- Genre: Drama
- Written by: Keith Ross Leckie Alan Di Fiore
- Directed by: Stephen Williams
- Starring: Ian Tracey Gabrielle Rose
- Country of origin: Canada
- Original language: English

Production
- Producers: Vibika Bianchi Martin Harbury Laura Lightbown
- Cinematography: David Frazee
- Editor: Ralph Brunjes
- Running time: 85 minutes
- Production companies: Barna-Alper Productions Bar Harbour Films Marble Island Pictures

Original release
- Network: CTV
- Release: April 11, 1999

= Milgaard =

1999 TV Movie

Milgaard, also sometimes known as Hard Time: The David Milgaard Story, is a Canadian dramatic television film, which was broadcast by the CTV Television Network in 1999. The film centres on David Milgaard, a Canadian man who was wrongfully convicted in the 1969 rape and murder of Gail Miller, and his 22-year quest for justice until being released from prison in 1992.

The film stars Ian Tracey as David Milgaard and Gabrielle Rose as his mother Joyce Milgaard, as well as Tom Melissis, Garwin Sanford, Hrothgar Mathews, Jaimz Woolvett, Sabrina Grdevich, Bernie Coulson and Reagan Pasternak in supporting roles.

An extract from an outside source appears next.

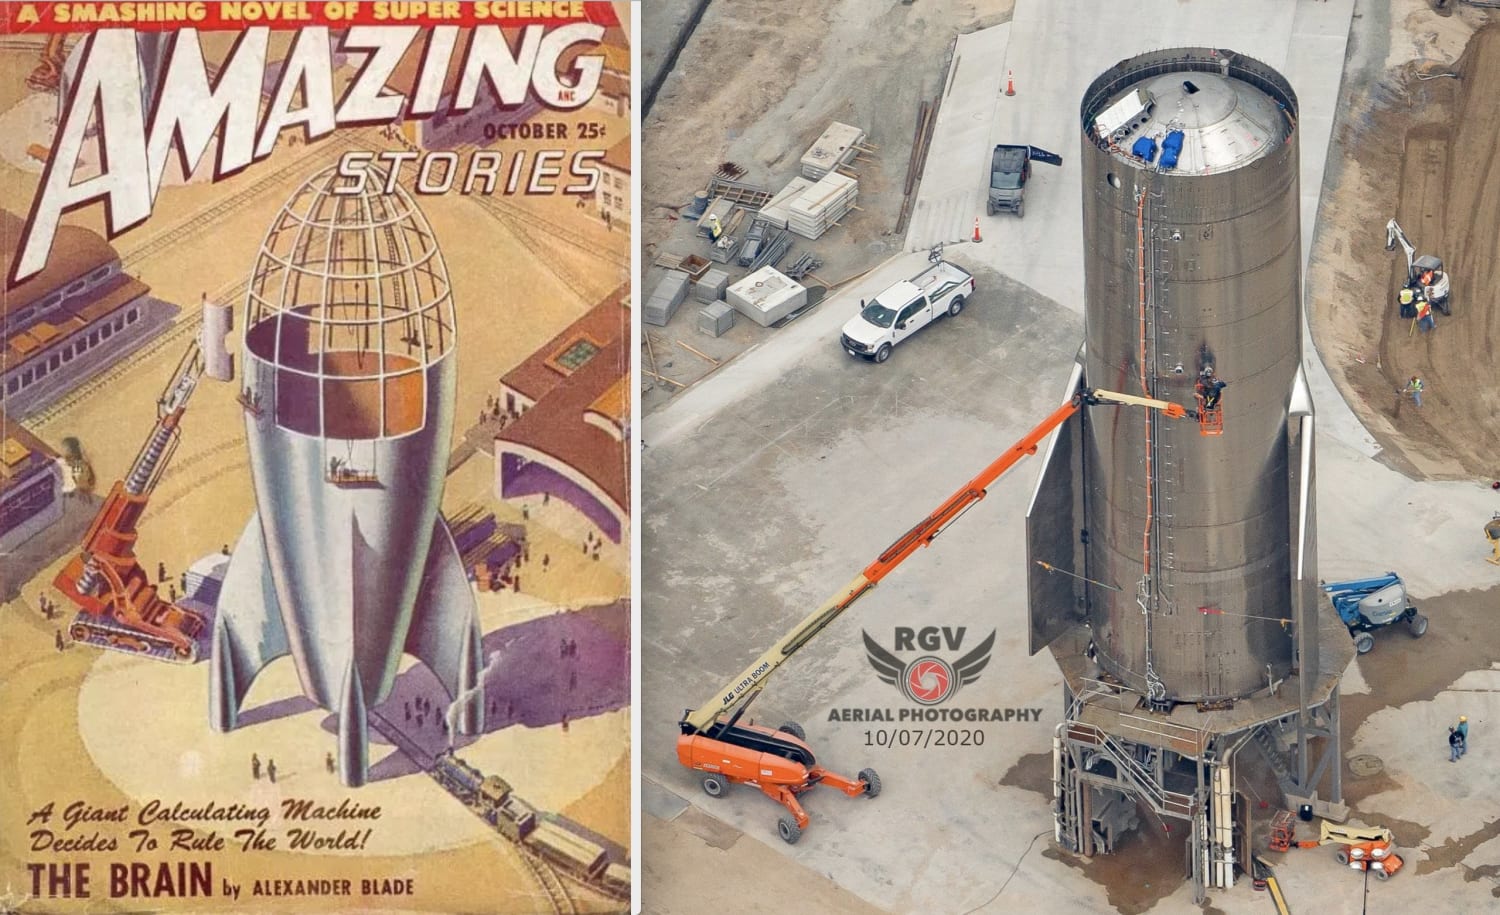 A 1948 novel cover by James B. Settles vs. a SpaceX Starship rocket under construction now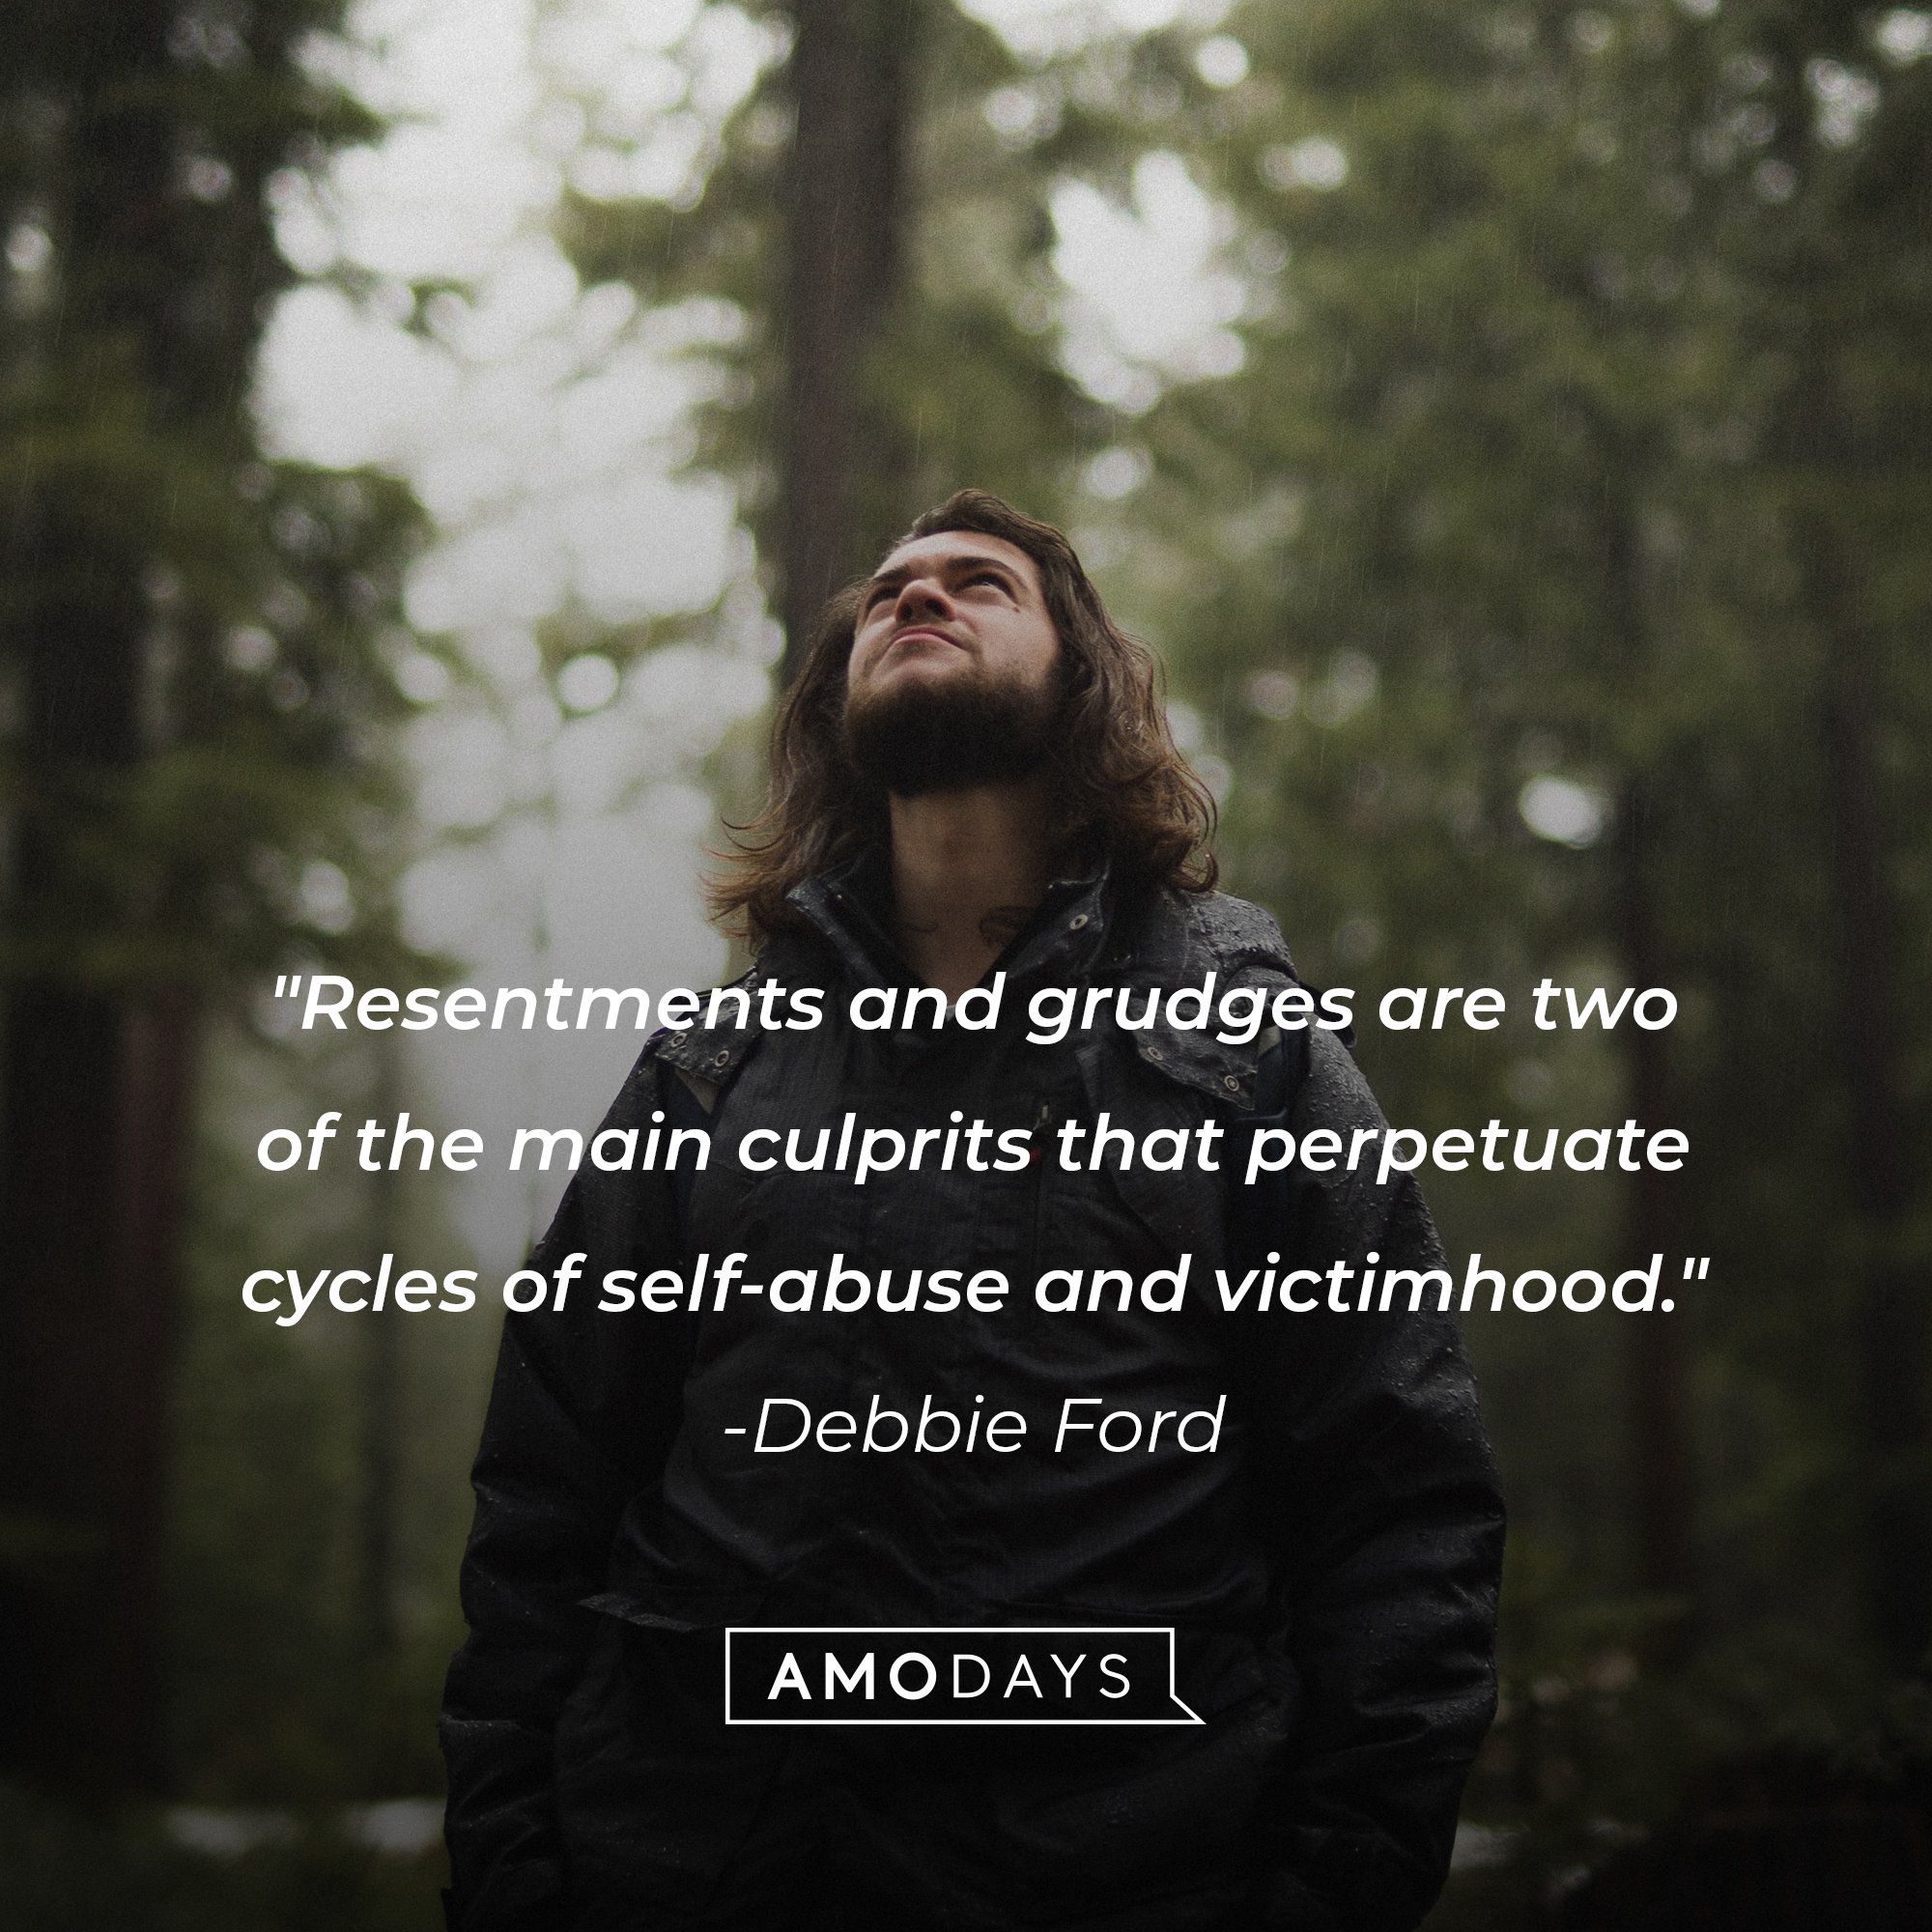  Debbie Ford's quote: "Resentments and grudges are two of the main culprits that perpetuate cycles of self-abuse and victimhood." | Image: AmoDays

Larry Fisher, who had been arrested for Miller's murder and was awaiting trial in Saskatchewan at the time of the film's release, sought a court injunction banning the broadcast of the film on the grounds that it might prejudice his chance at a fair trial. Although the injunction was granted, the judge declined to ban the film nationwide, instead ruling only that CTV could not broadcast the film on its affiliates in Saskatchewan. The film was broadcast on April 11, 1999 across most of Canada, except Saskatchewan. A second injunction prevented CTV from rebroadcasting the film at all in October 1999, as by that time Fisher's trial was underway; this latter ban also prevented any clips of the film from being broadcast as part of the 14th Gemini Awards ceremony in November, as Fisher's trial had not yet concluded.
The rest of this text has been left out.